Fantastic :slight_smile:
but how do you go from this to having variables x and y with values “var_1” and “var_2” ?

macro string_extract(string::String, strexp::Expr)
    range = 0:0
    args = strexp.args
    strindices = map(args) do arg
        !(arg isa String) && return missing
        range = findnext(arg, string, range[end]+1)
    end

    ranges = map(1:length(strindices)) do i
        if ismissing(strindices[i])
            start = i == 1 ? 1 : strindices[i-1][end]+1
            stop = i == length(strindices) ? length(string) : strindices[i+1][1]-1
            start:stop
        else
            strindices[i]
        end
    end

    pairs = args .=> getindex.(string, ranges)
    Expr(:block, [Expr(:(=), esc(sym), string)
        for (sym, string) in pairs if sym isa Symbol]...)
end
julia> @macroexpand @string_extract "test var_1 and var_2" "test $x and $y"
quote
    x = "var_1"
    y = "var_2"
end

The input to a macro is already a parsed expression — the point of using macros is generally to employ Julia-parsable syntax that is rewritten in some custom way.

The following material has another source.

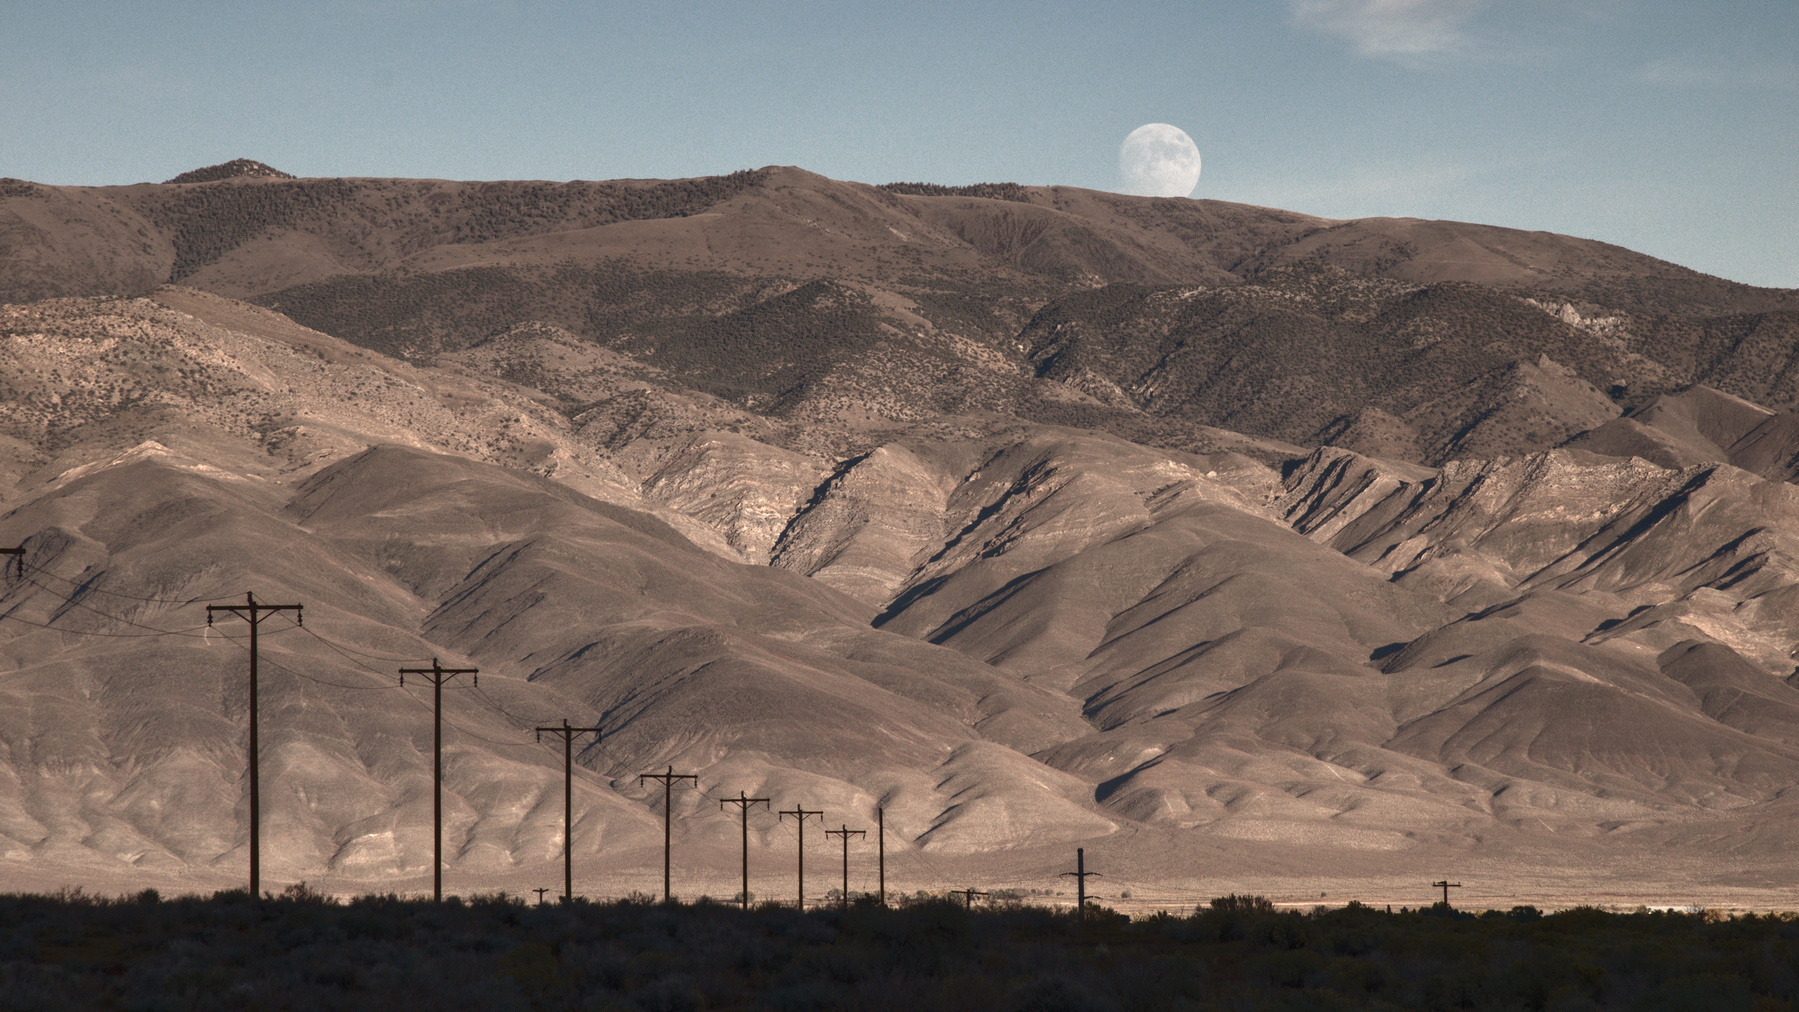 Power poles, near on the left, recede towards a high mountain range, which is eroded and barren of greenery, so that it seems soft and brown.  A nearly full moon has risen just above the mountain ridge-line.
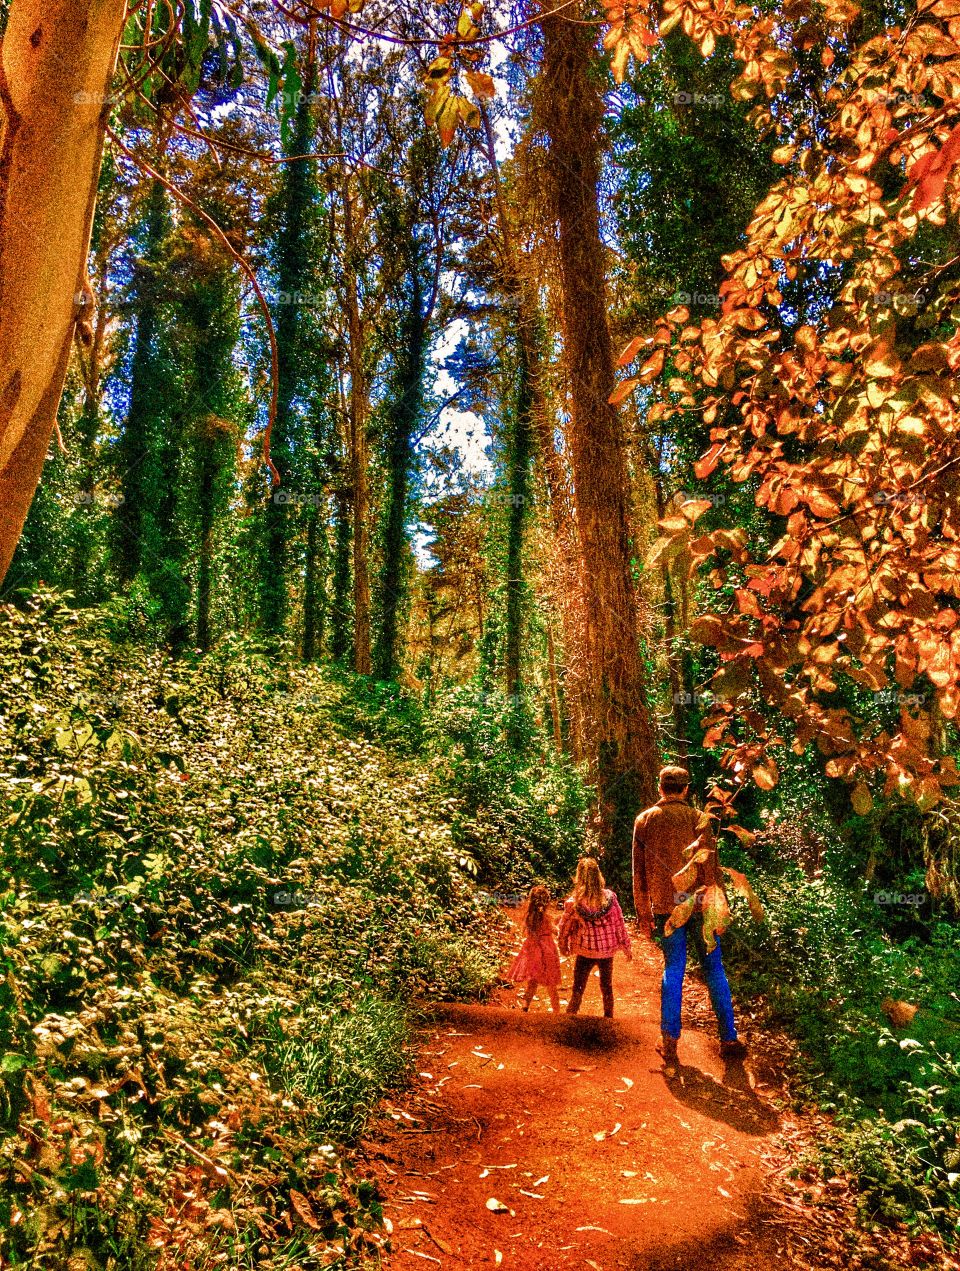 Autumn is here! Interior Greenbelt of San Francisco with father and daughters on path

It’s impossible to say for sure without knowing what you are ultimately trying to do, but as a general rule I would tend to re-think using string-based symbolic expressions.

5 Likes

Sorry Jules.
This is amazing but after running the macro I’d like to write "extracted variables are: $x and $y"
and get "extracted variables are: var_1 and var_2" but I get UndefVarError: x not defined

Final goal. Say I need to transform

Input = """"
Curve.My_Curve_1,Points=[(1,10),(2,11),(3,12)]
Curve.My_Curve_2,Points=[(5,8),(6,13),(7,15)]
Curve.My_Curve_3,Points=[(11,8),(12,13),(13,15)]
"""

to

Output = """
Curve My_Curve_1 x_values=[1,2,3] y_values=[10,11,12]
Curve My_Curve_2 x_values=[5,7,7] y_values=[8,13,15]
Curve My_Curve_3 x_values=[11,12,13] y_values=[8,13,15]
"""

Say we can use special characters ≪ ≫ to represent a newline separated list and ⪻ ⪼ a comma separated list. I’d like to write something like

@extract Input "≪Curve.$curve_name,Points=[⪻($x,$y)⪼]≫"

@insert "≪Curve $curve_name x_values=[⪻ $x ⪼] y_values=[⪻ $y ⪼]≫"

Maybe a function is better suited than macros.
If it is possible in some form though, something like this, I think, is more readable than multiple split and join statements, or regex.

It would be easier if the required inputs / outputs were in a readable format like JSON or XML but this isn’t always the case.

1 Like

Definitely use a function for this. No need for macros here.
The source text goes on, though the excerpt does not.